Strangely, the episode comes down on both sides of the mystery vs. history debate. On the one hand, Ted wishes he hadn’t clicked; the website reveals a child prodigy who donated a kidney, climbed Everest, graduated Princeton at age 15, and wants a man she can cuddle up with to watch Annie Hall, and now, he can only gape at her and croak in broken English that she’s not so great because he donated blood once, although he almost fainted, and they had to put it all back. (Before he clicks, Ted imagines the horrors awaiting him: She’s a prostitute; she’s a dude; she only kinda liked Annie Hall.)
On the other hand, Marshall settles the gender-knowledge debate by throwing Doctor Sonya’s note out the window (although Robin and Barney looked at it, so they now become “the note” for all intents and purposes, and the dilemma is still there), only to have it stick to Ted’s shoe on his way up. The universe, in other words, tells them that they’re having a boy, and everyone’s happy. Sonograms, the Internet: They’re both tools we can employ to tell us more than people used to get to know. That cuts both ways; people become Facebook walls, pre-labeled and packaged for us, but how is that different from the kinds of dating shorthand (job, pets, turn-ons, turn-offs) people have been proferring for decades? And if the gender of a baby isn’t a surprise when it comes out, it hardly matters; everything else about a child still is.
Maybe the more subtle point is that we can still be sparked or spooked by seeing people through fresh eyes, imagining the baby boy that Marshall and Lily will raise, or remembering that (as we heard from Victoria earlier this season) the friendship that our ensemble shares in some ways contains the last bits of dysfunction holding them back from mature independence. Much better to share a moment of celebration that arises from the group’s history before heading back into the great unknown.
Stray observations:
- Ray Wise returns as Robin’s father in a flashback to her 14th birthday, when instead of a party and a pretty dress, she got pushed out of a helicopter and given three days to fight her way back to civilization (“Happy birthday soooooooooooon!”).

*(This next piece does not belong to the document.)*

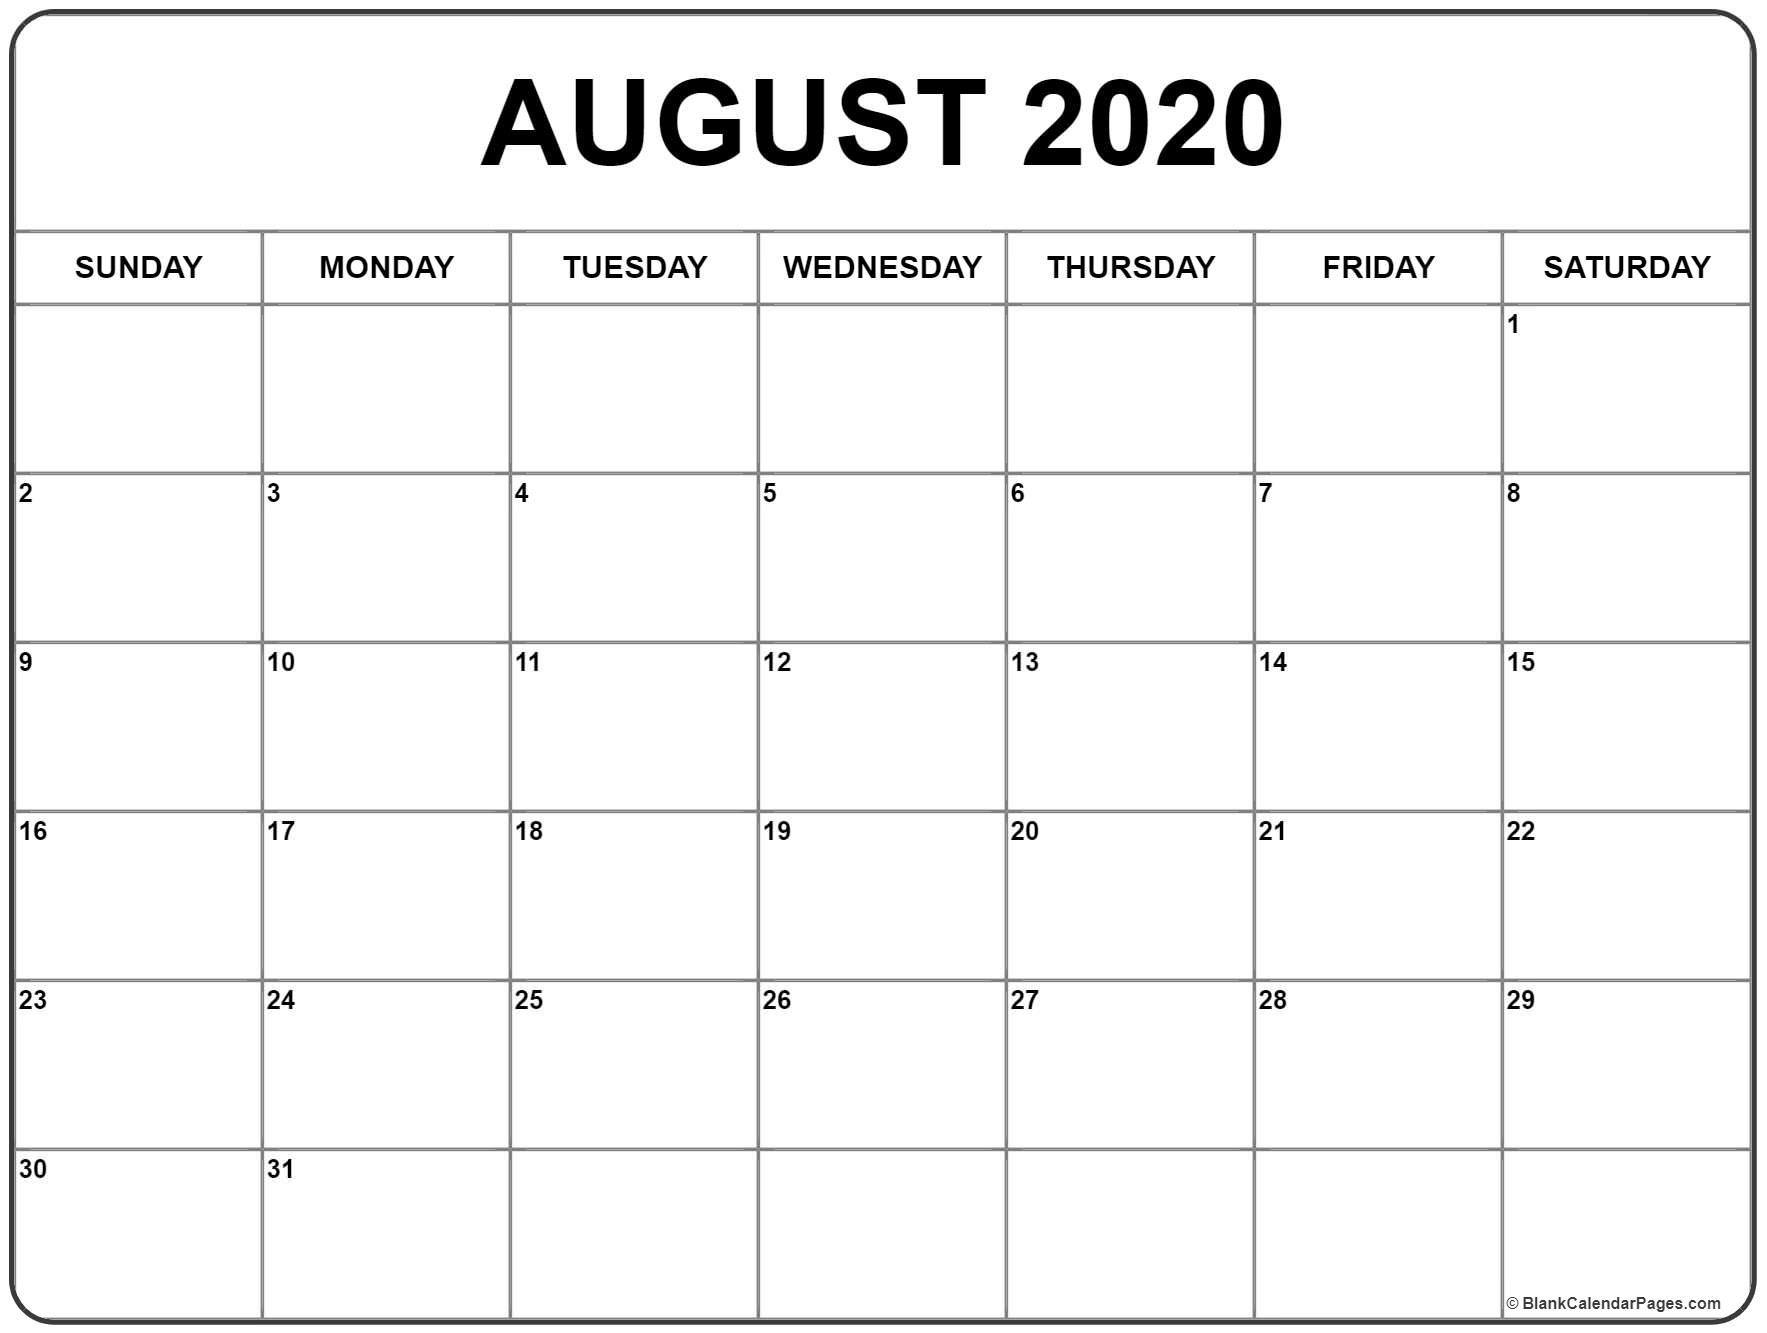 August 2020 Calendar   August Calendar, Monthly Calendar

- After Barney finds Janet’s identity, he believes time is of the essence: “They’re six minutes into the date. Ted’s probably already told her that he loves her!”
- Effective and beautifully timed montage of the group’s pathologies: Separation anxiety (Ted reassuring Marshall over the phone that he’ll be back from the bar soon), inappropriate social behavior (they text typographical representations of their bowel movements to each other), survivor guilt (Lily watched Survivor without Marshall), but fortunately not violence (cue rhythmic edit of slaps, drinks-in-face, and guns firing).
- “Boys can do ballet, girls can play football.” “The Green Bay Packers have been proving that for years!”